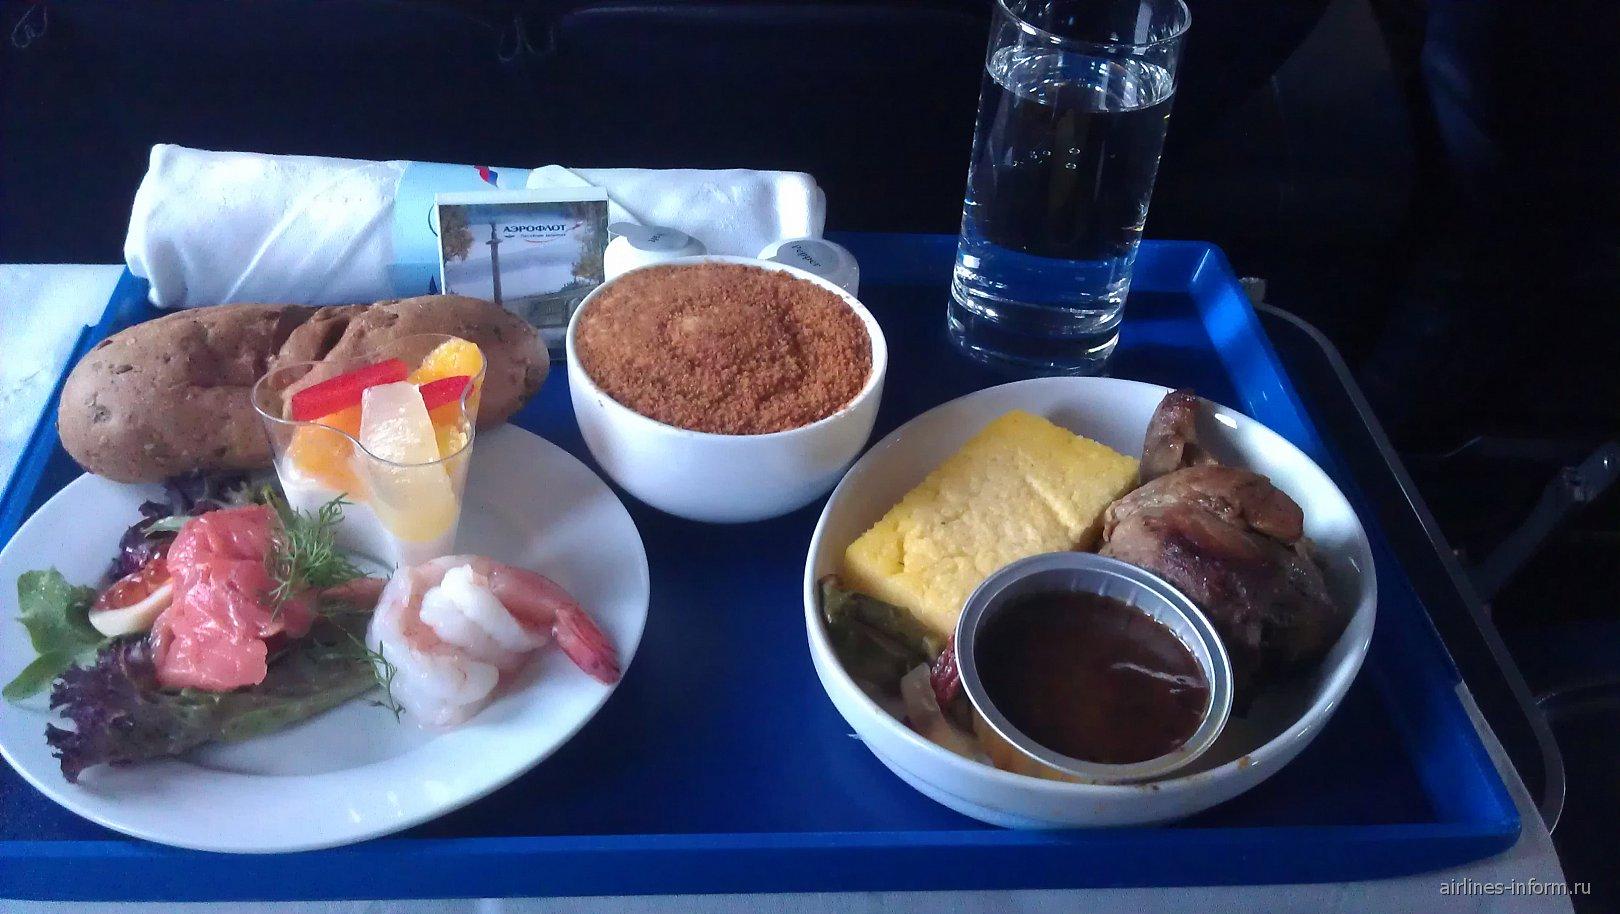 Завтрак в бизнес-классе Аэрофлота на рейсе Санкт-Петербург-Москва
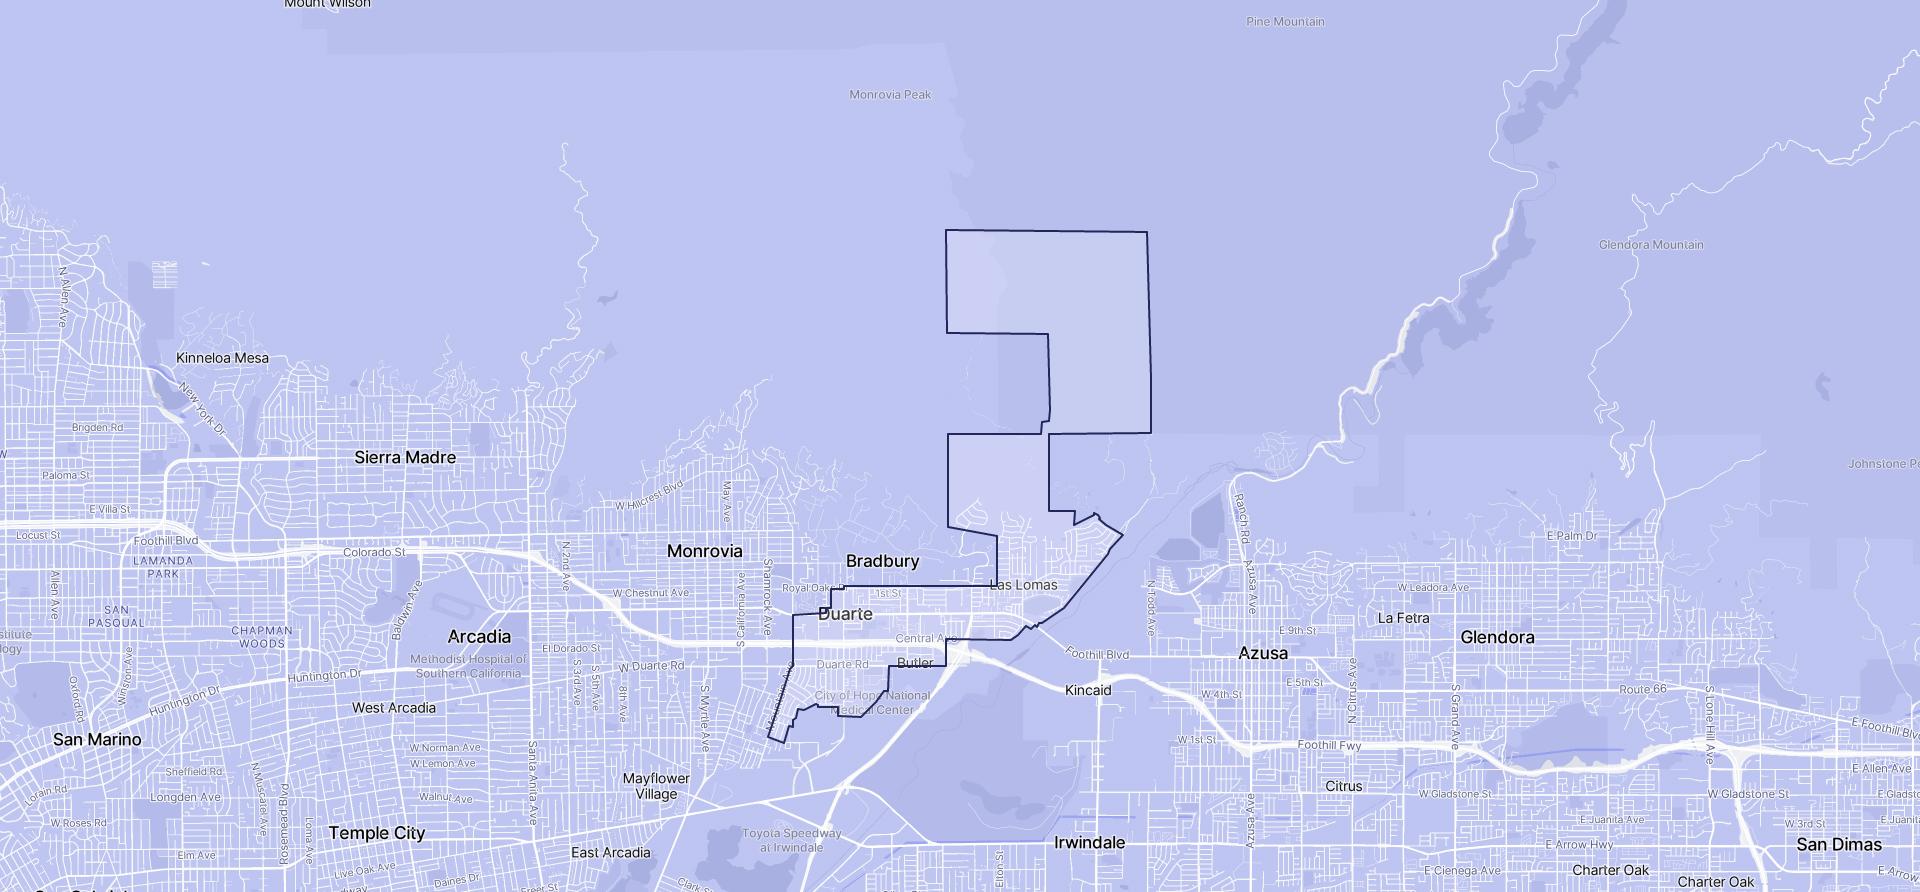 Image of Duarte boundaries on a map.
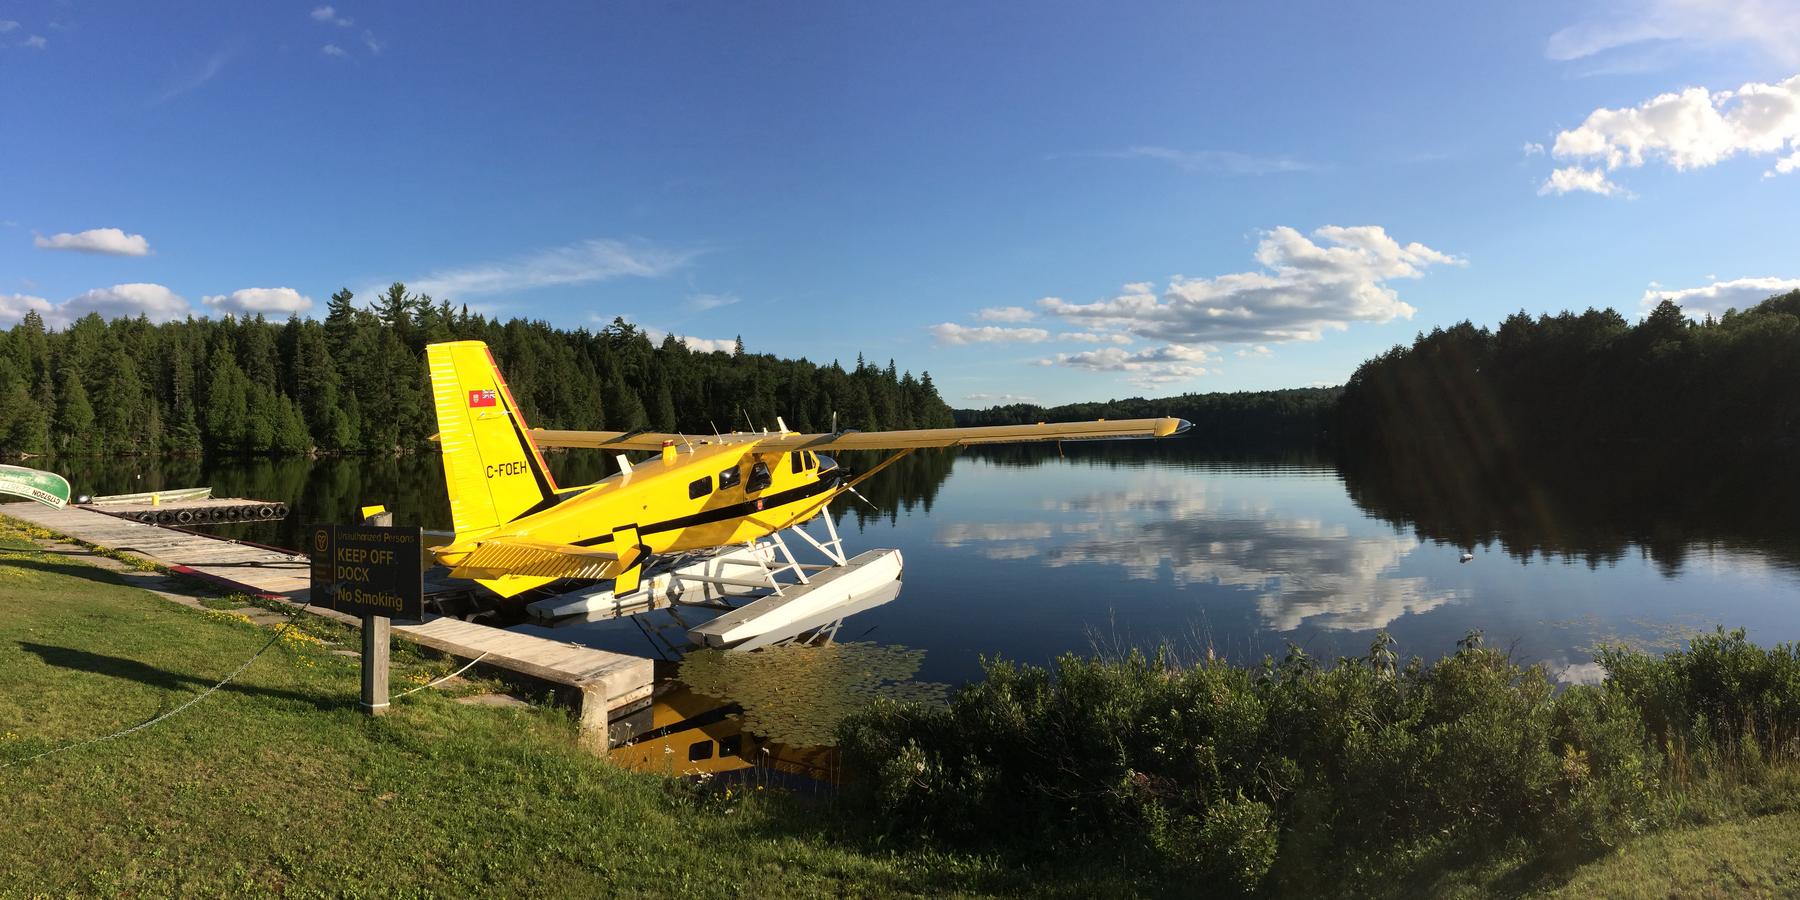 Watervliegtuig Algonquin Provincial Park - Ontario - Canada - Doets Reizen

◆ ◆ ◆ ◆

**INSTRUCTIONS FOR THE TASK:** Word for word, return the material above; the pictures stay out.

**FINISHED TASK:**
 Завтрак в бизнес-классе Аэрофлота на рейсе Санкт-Петербург-Москва
 Image of Duarte boundaries on a map.
 Watervliegtuig Algonquin Provincial Park - Ontario - Canada - Doets Reizen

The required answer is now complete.